• TRY IT
Each line below from the line with "Oklahoma placers at Super32 Owrestle" to the line with "New Ford Motor" must be copied exactly, including those two, and no picture may appear in the copy.

• SOURCE INFORMATION

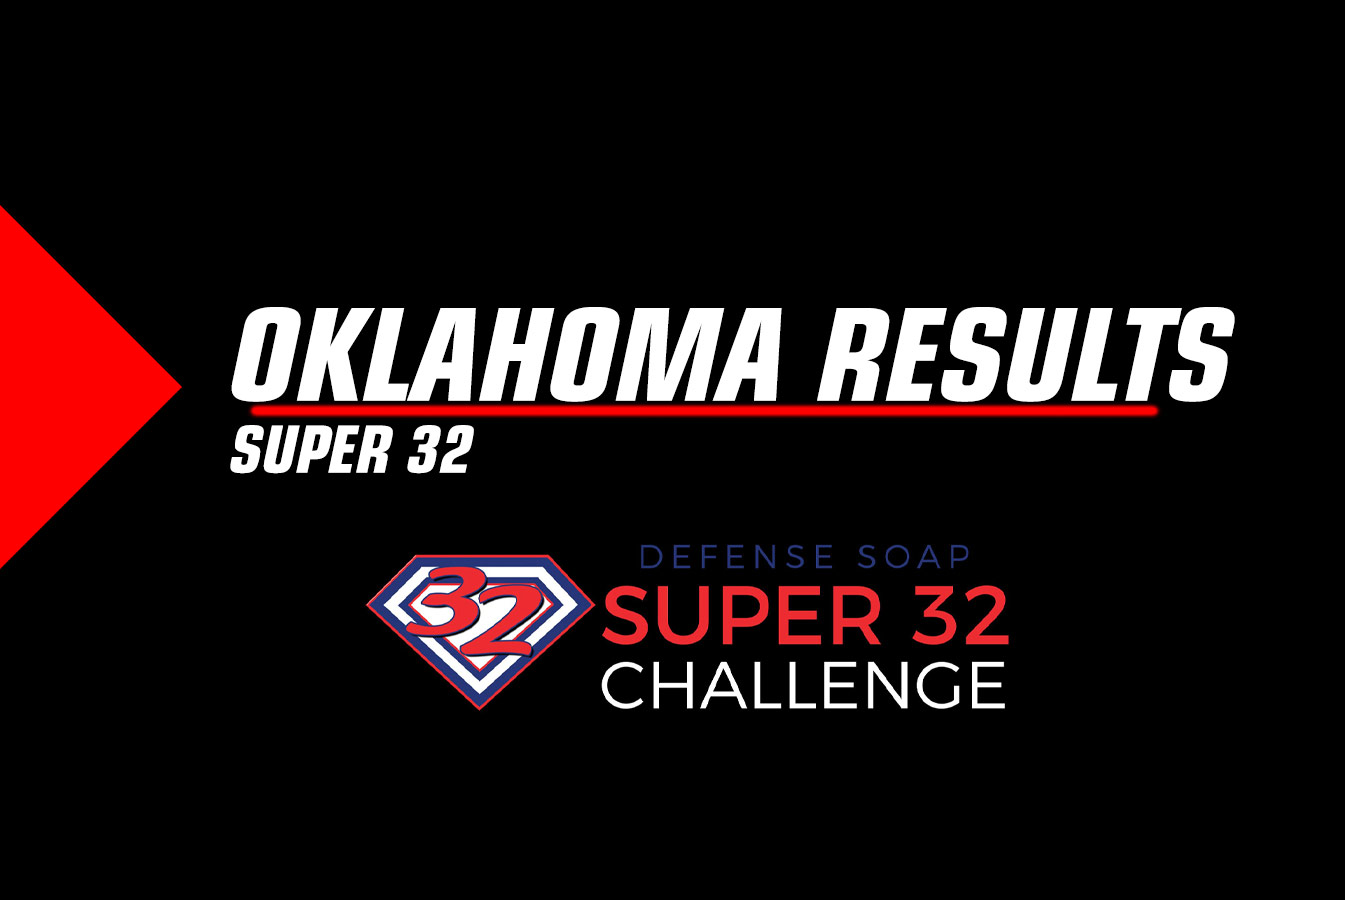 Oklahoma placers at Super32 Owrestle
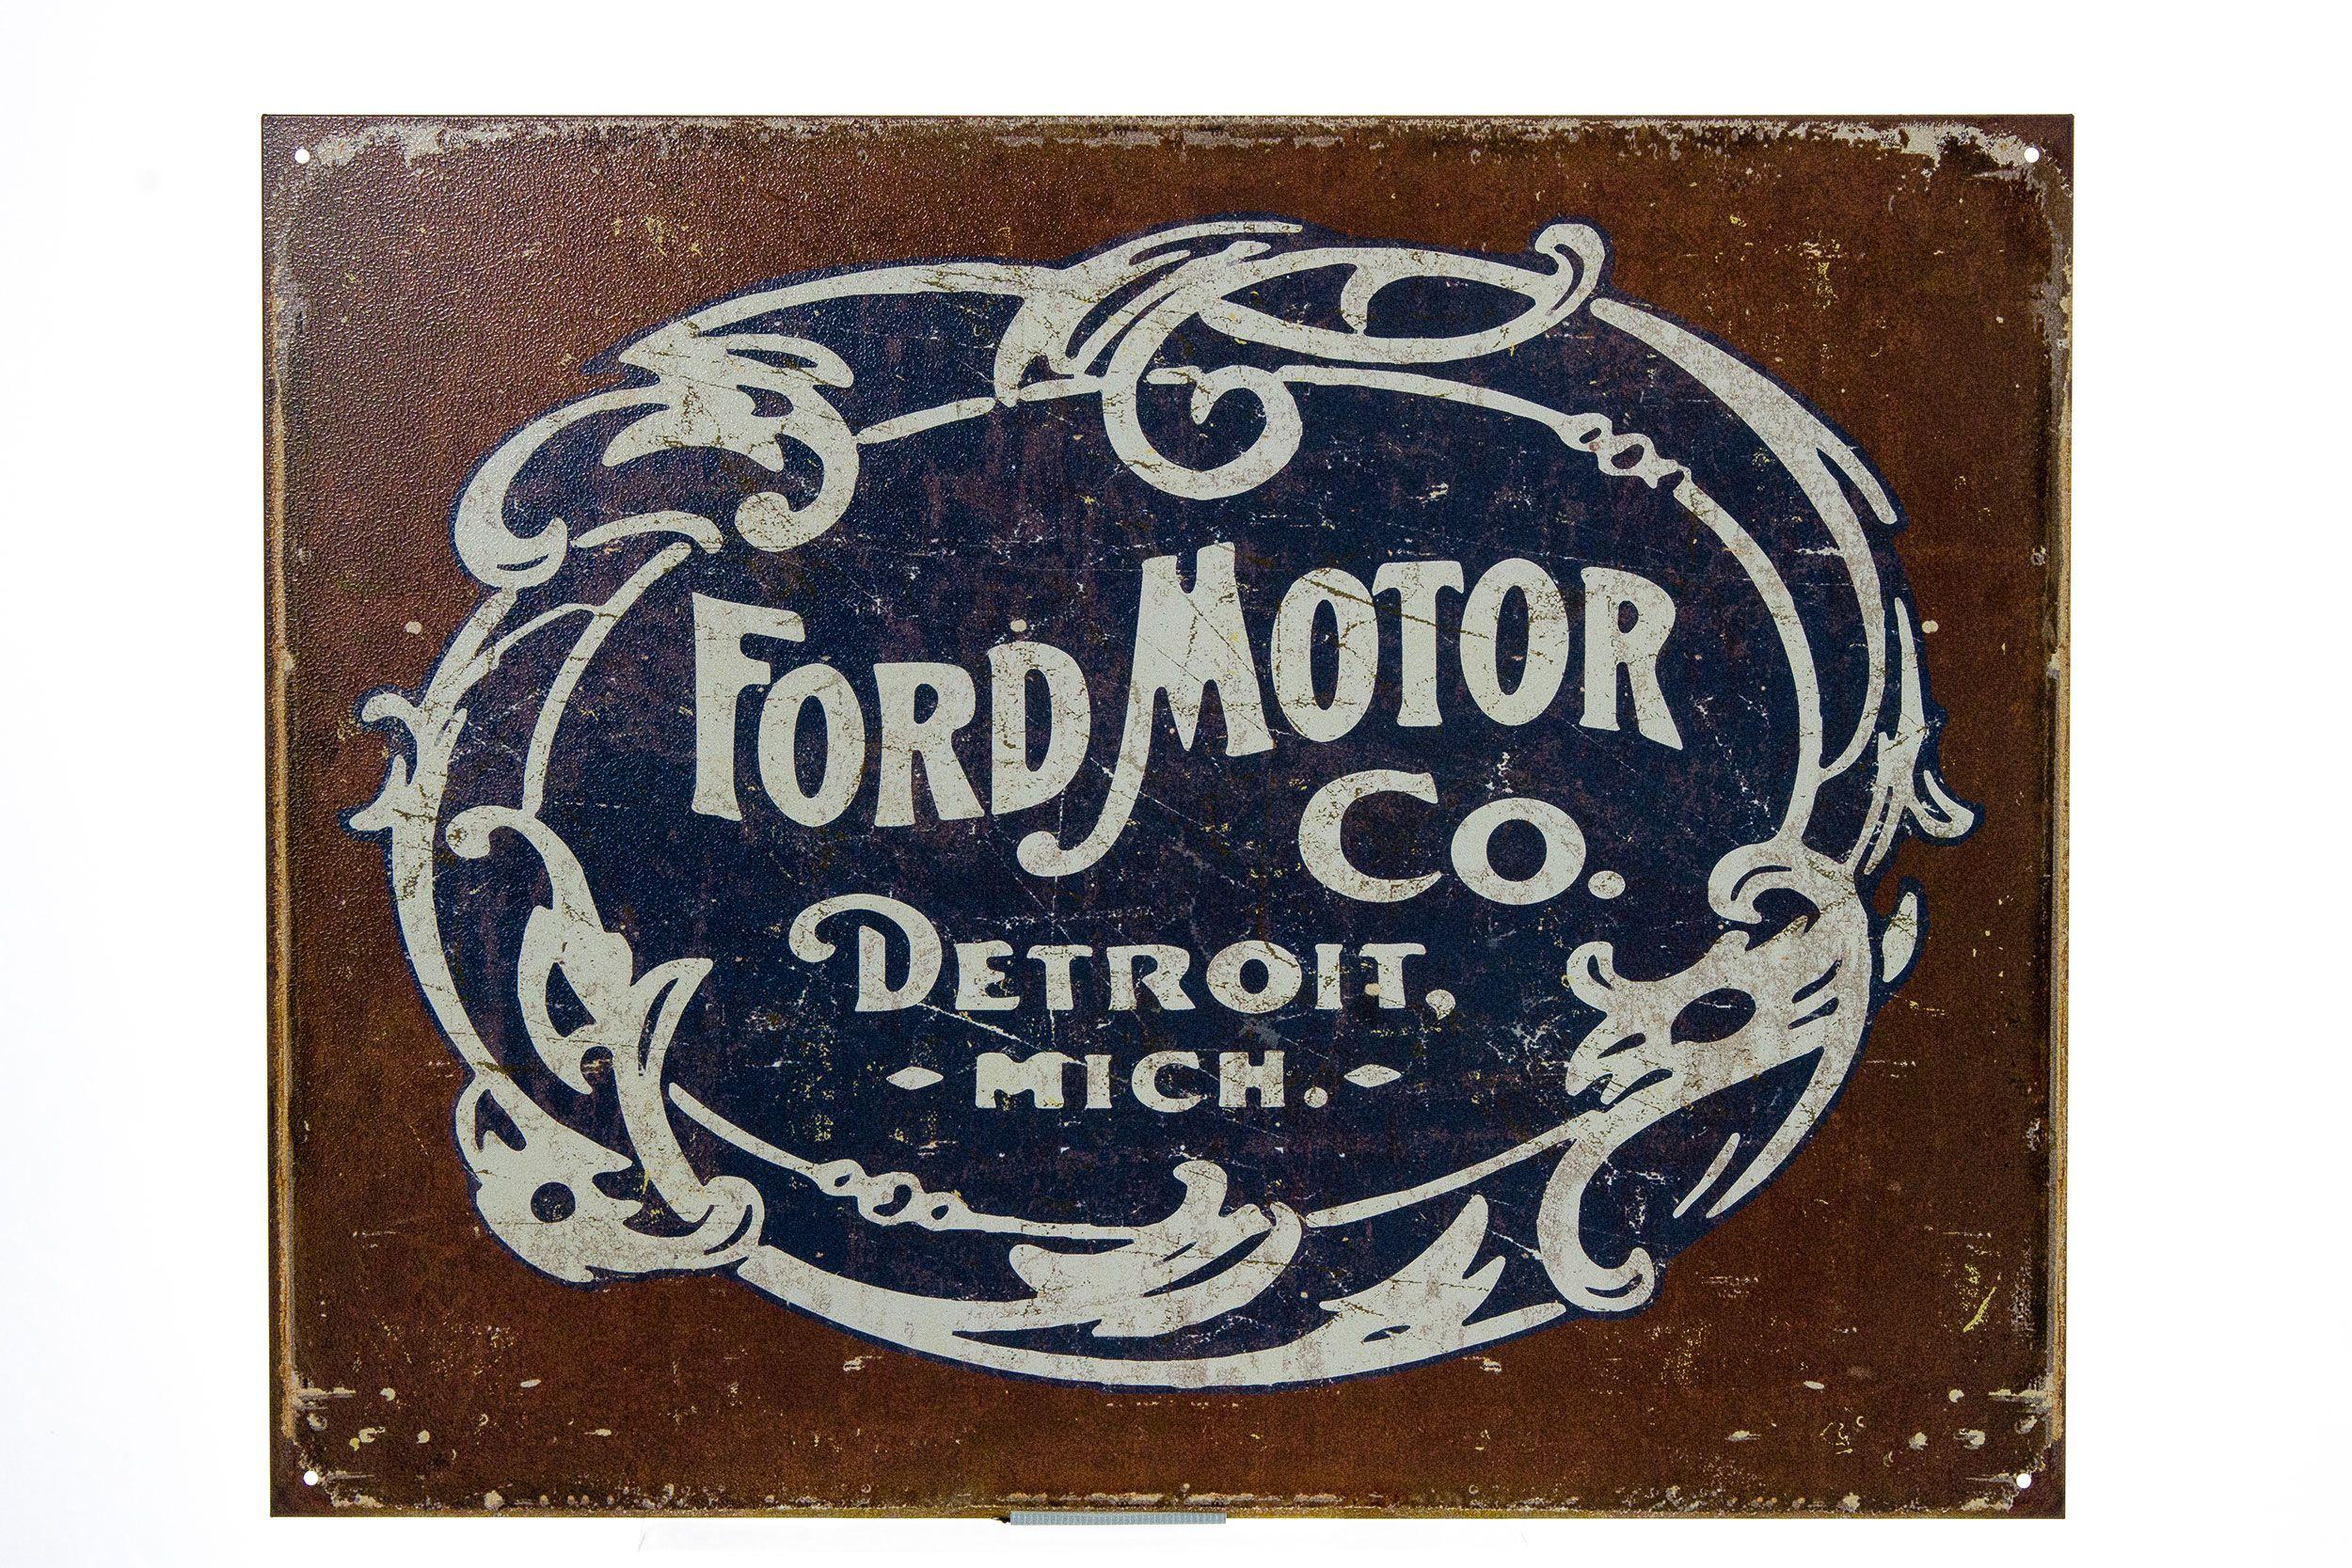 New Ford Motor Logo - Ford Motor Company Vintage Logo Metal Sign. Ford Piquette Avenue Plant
---
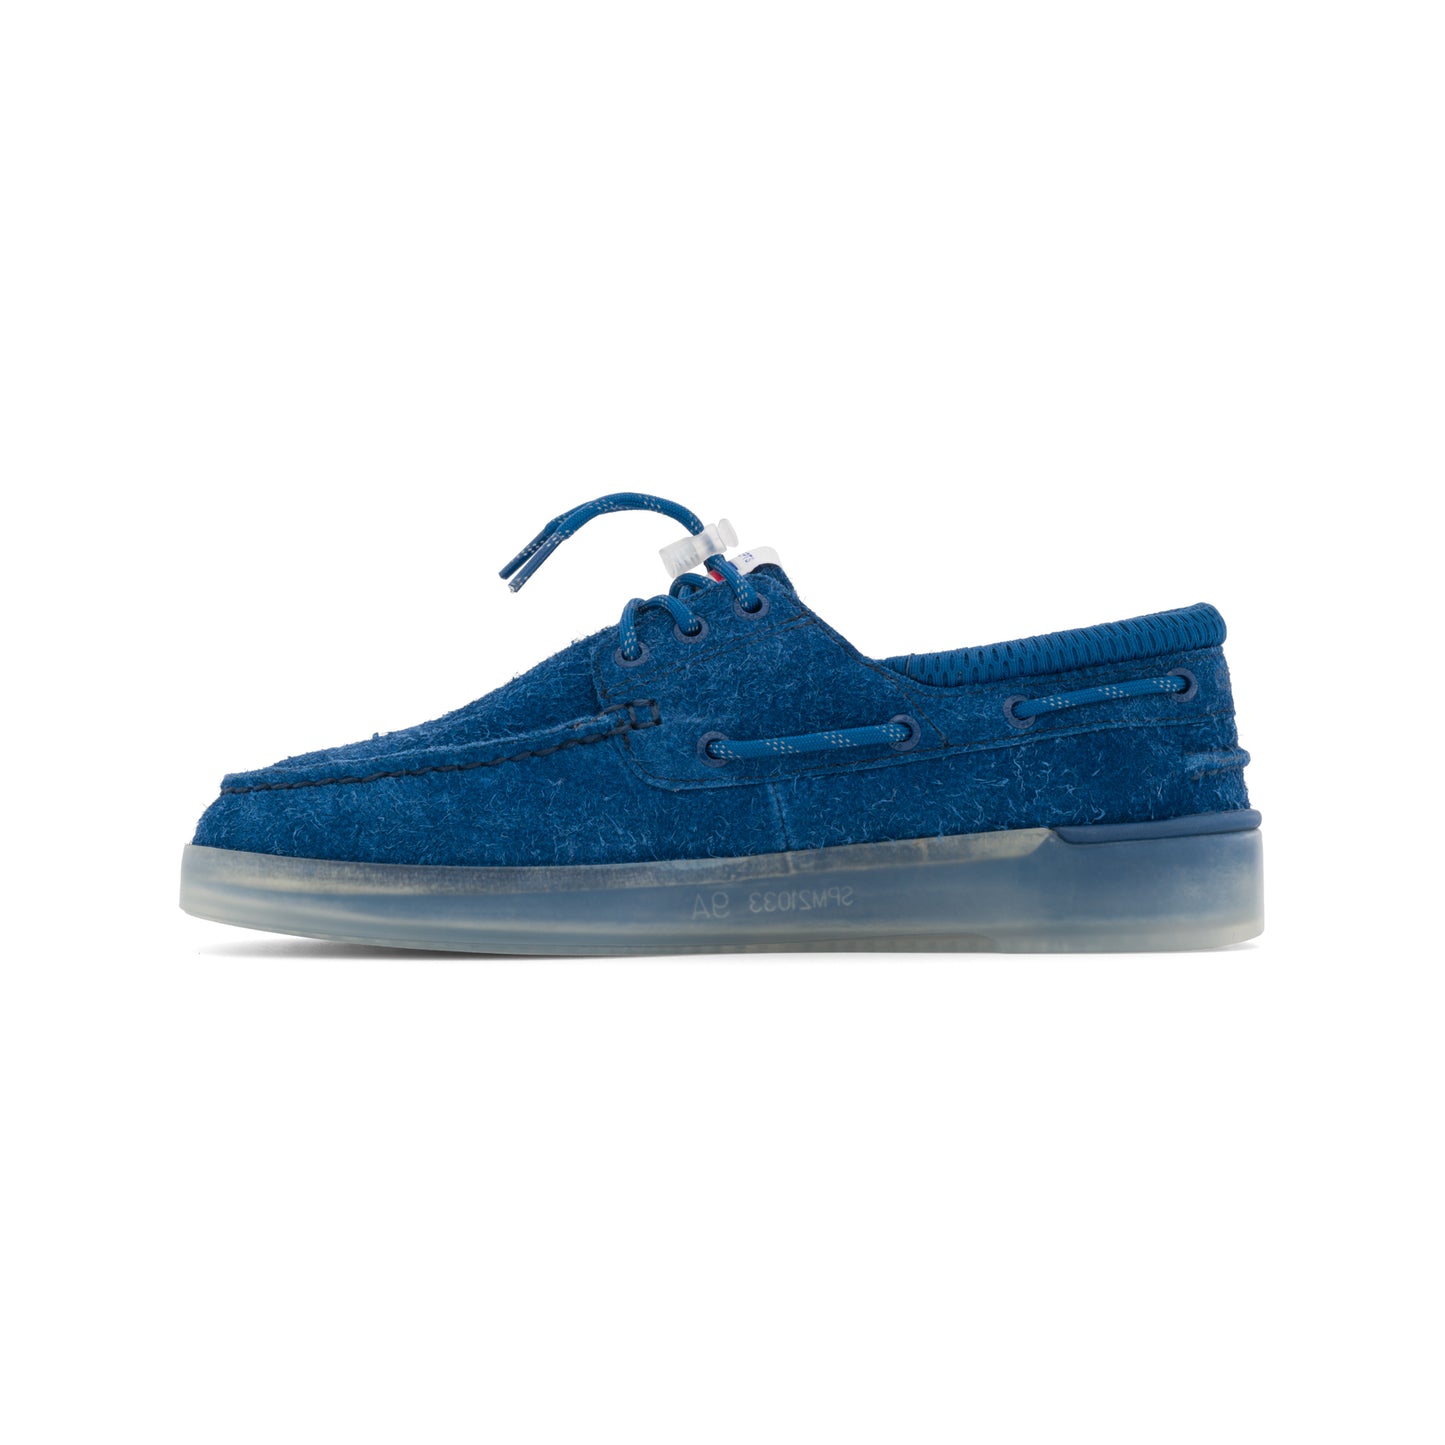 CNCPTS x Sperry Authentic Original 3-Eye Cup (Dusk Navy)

• OUTPUT OF THE TASK
 Oklahoma placers at Super32 Owrestle
 New Ford Motor Logo - Ford Motor Company Vintage Logo Metal Sign. Ford Piquette Avenue Plant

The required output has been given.